For instance, if monthly observations of yt is affected by six months’ worth of lagged daily x (m) t ’s, the authors would need 132 lags (K = 132) of high-frequency lagged variables.
Q3. Why do the authors report the mean absolute deviation (MAD)?
The authors report the mean absolute deviation (MAD) as a measure of goodness of fit (fourth column), because it provides more robust results in the presence of heteroskedasticity.
Q4. What is the function B(L1/m; ) of a few parameters?
As a way of addressing parameter proliferation, in a MIDAS regression the coefficients of the polynomial in L1/m are captured by a known function B(L1/m; θ) of a few parameters summarized in a vector θ.
Q5. What is the predictor of conditional volatility?
Santa-Clara, and Valkanov (2003) show that the best overall predictor of conditional volatility is the realized power and that, not surprisingly, better forecasts are obtained at shorter (weekly) horizons.
Q6. How many parameters are there to estimate?

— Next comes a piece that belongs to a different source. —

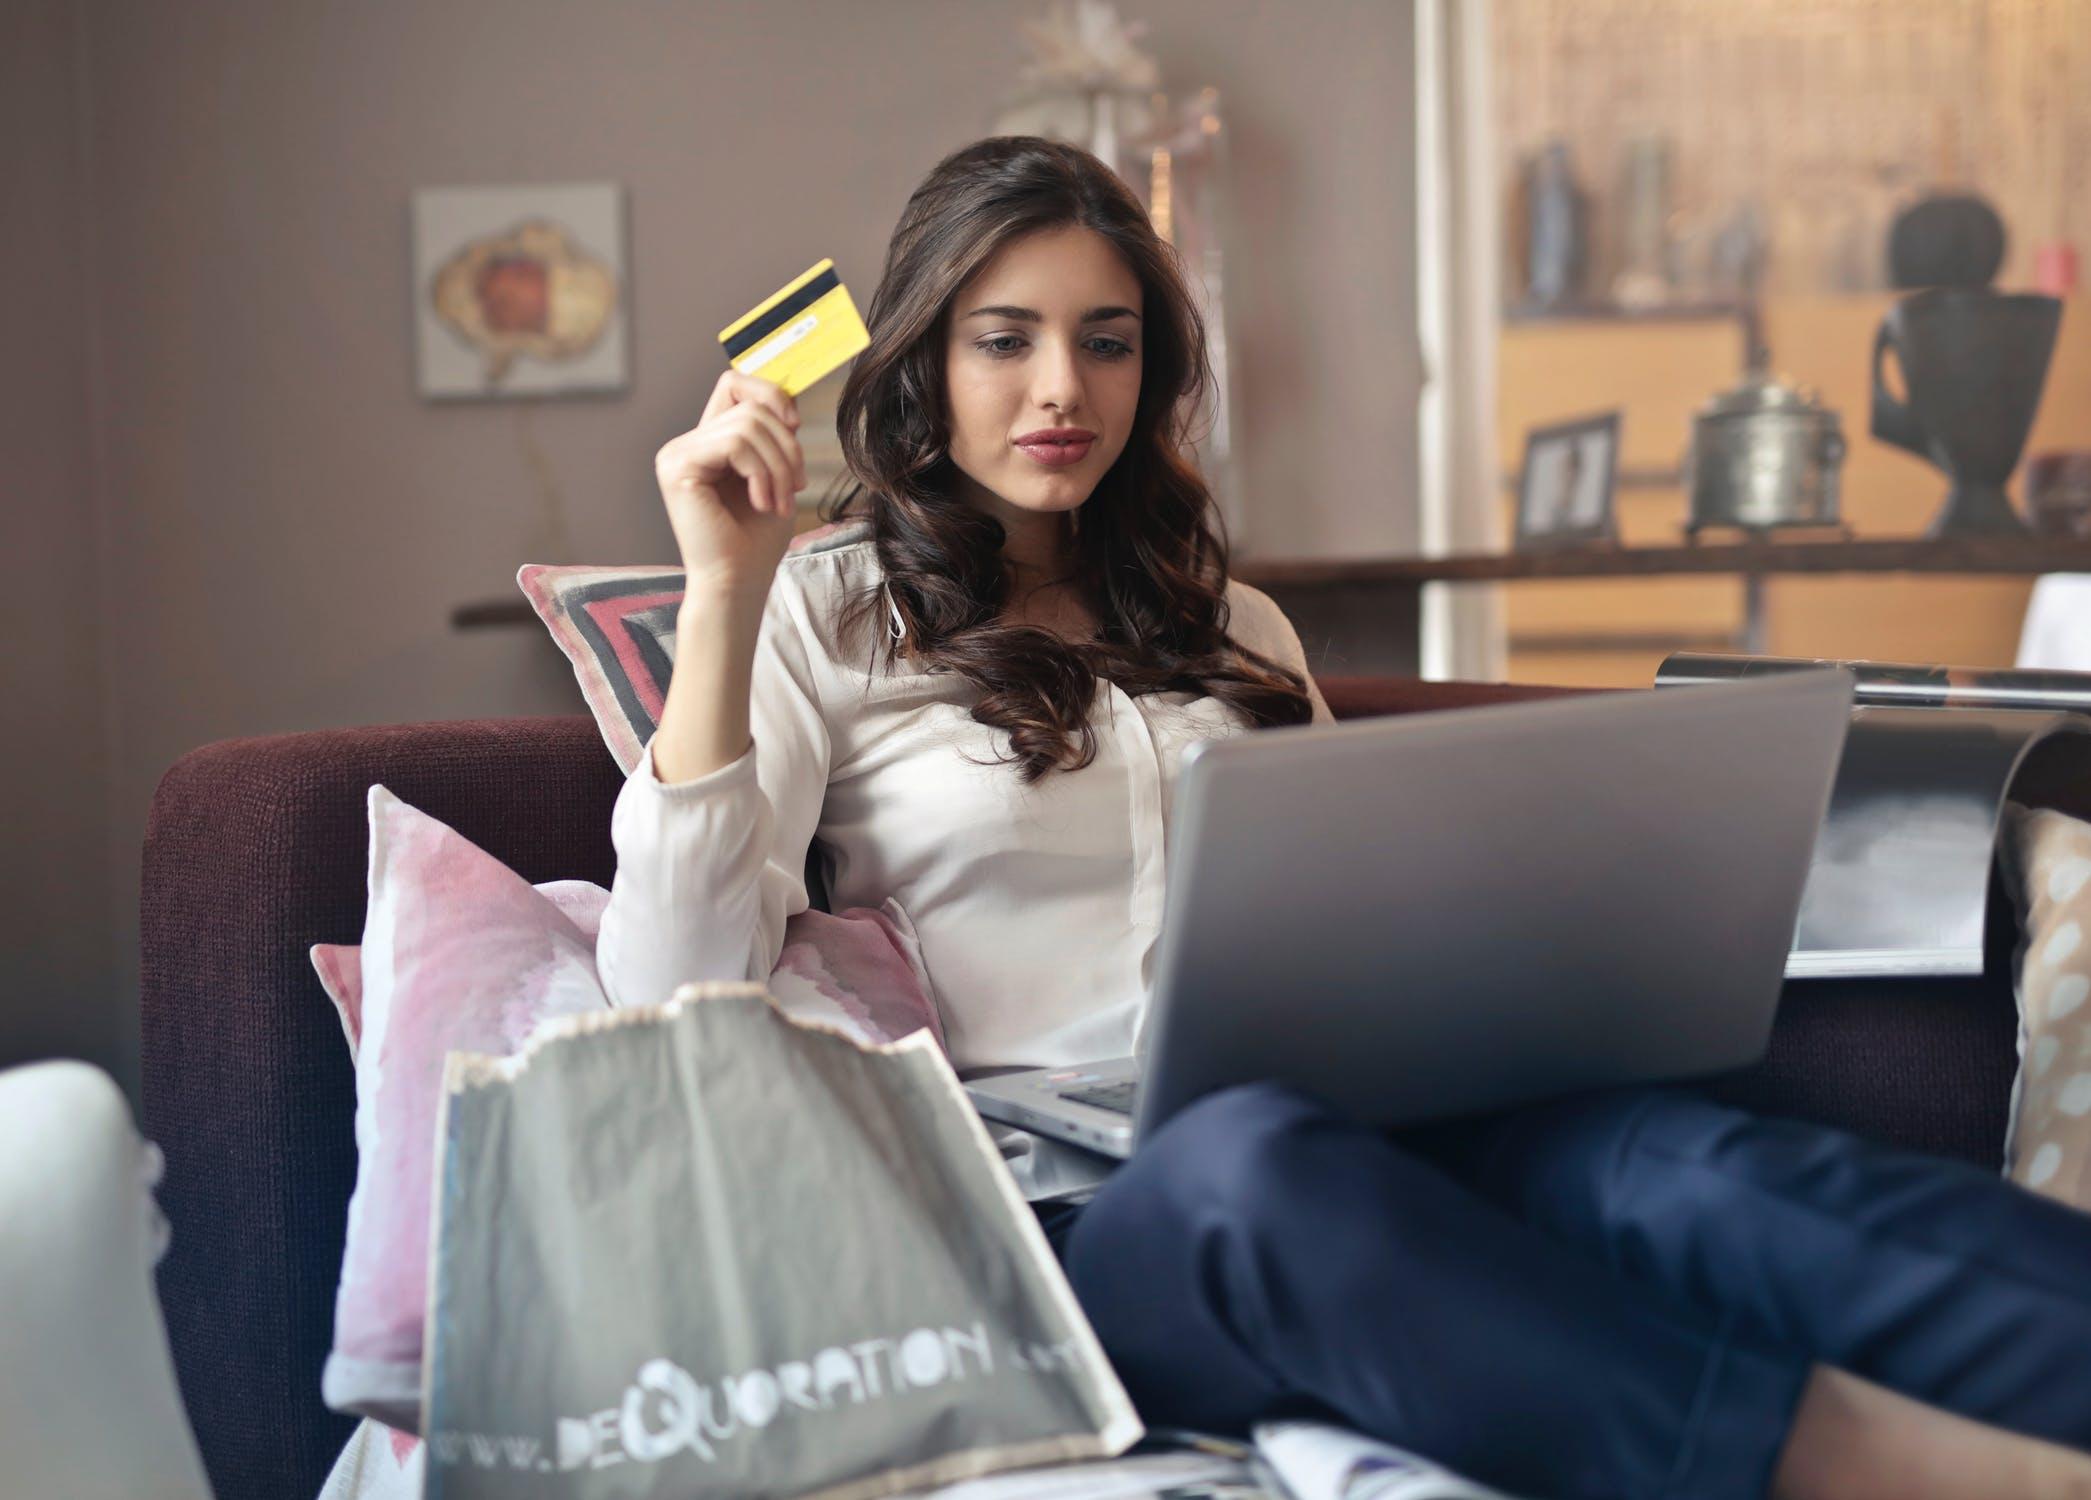 最新报告称:90%千禧一代消费者表示,会因为价值观不同转向其它品牌
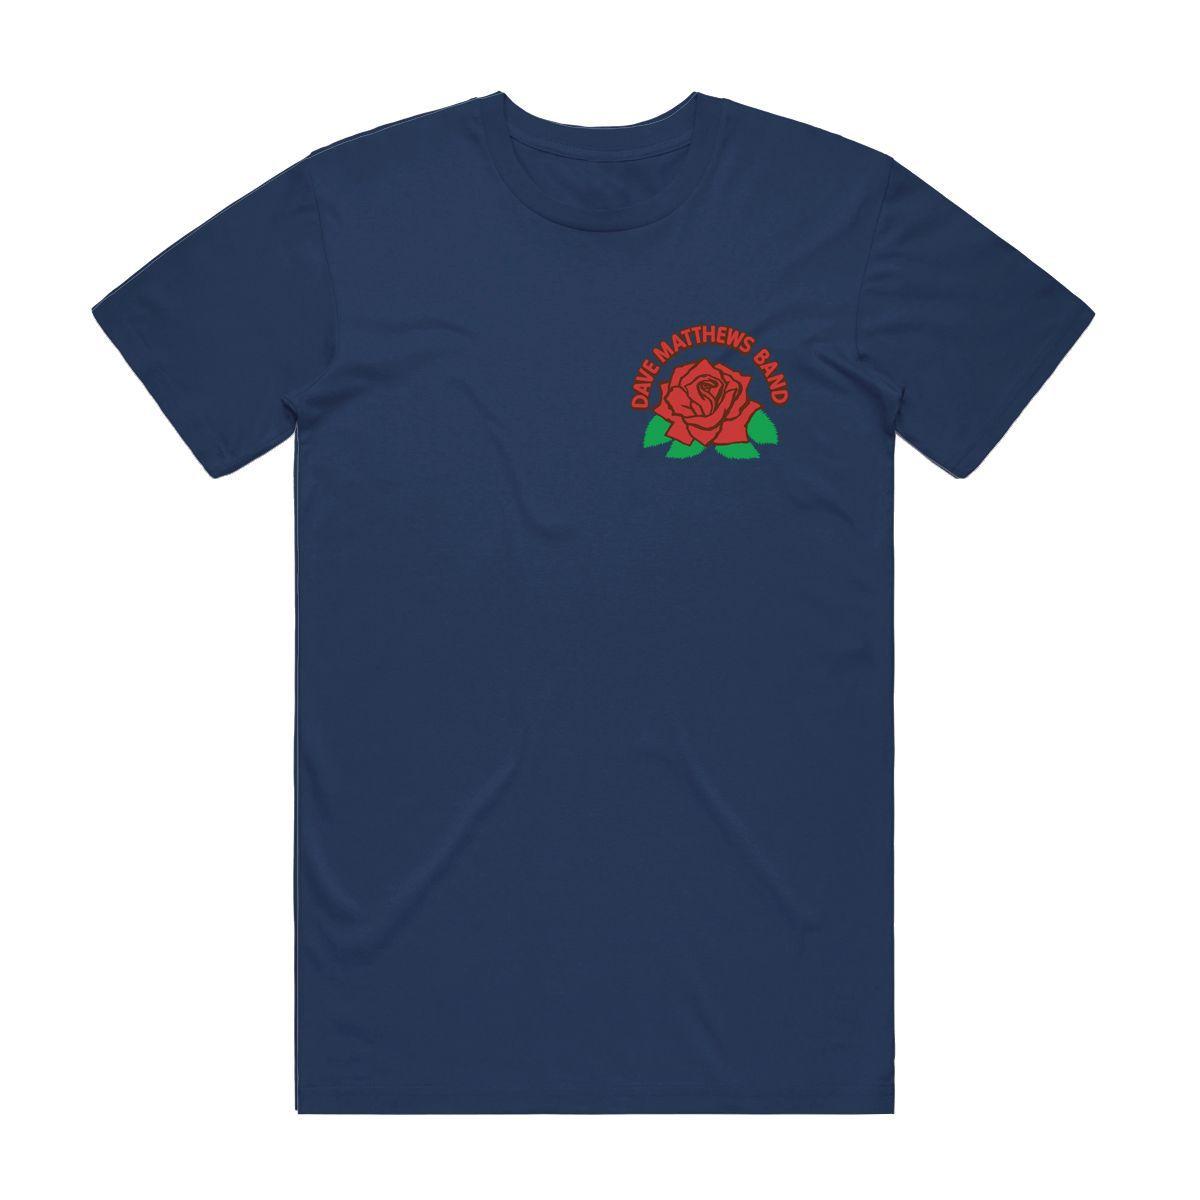 DMB Rose Tee - Navy

If the parameters of the lagged polynomial are left unrestricted (or B(k) does not depend on θ), then there would be a lot of parameters to estimate.
Q7. What is the way to model the volatility of financial markets?
It is also worth noting that for stochastic volatility models the problem is even more difficult since the volatility factors are latent and therefore need to be extracted from observed past returns.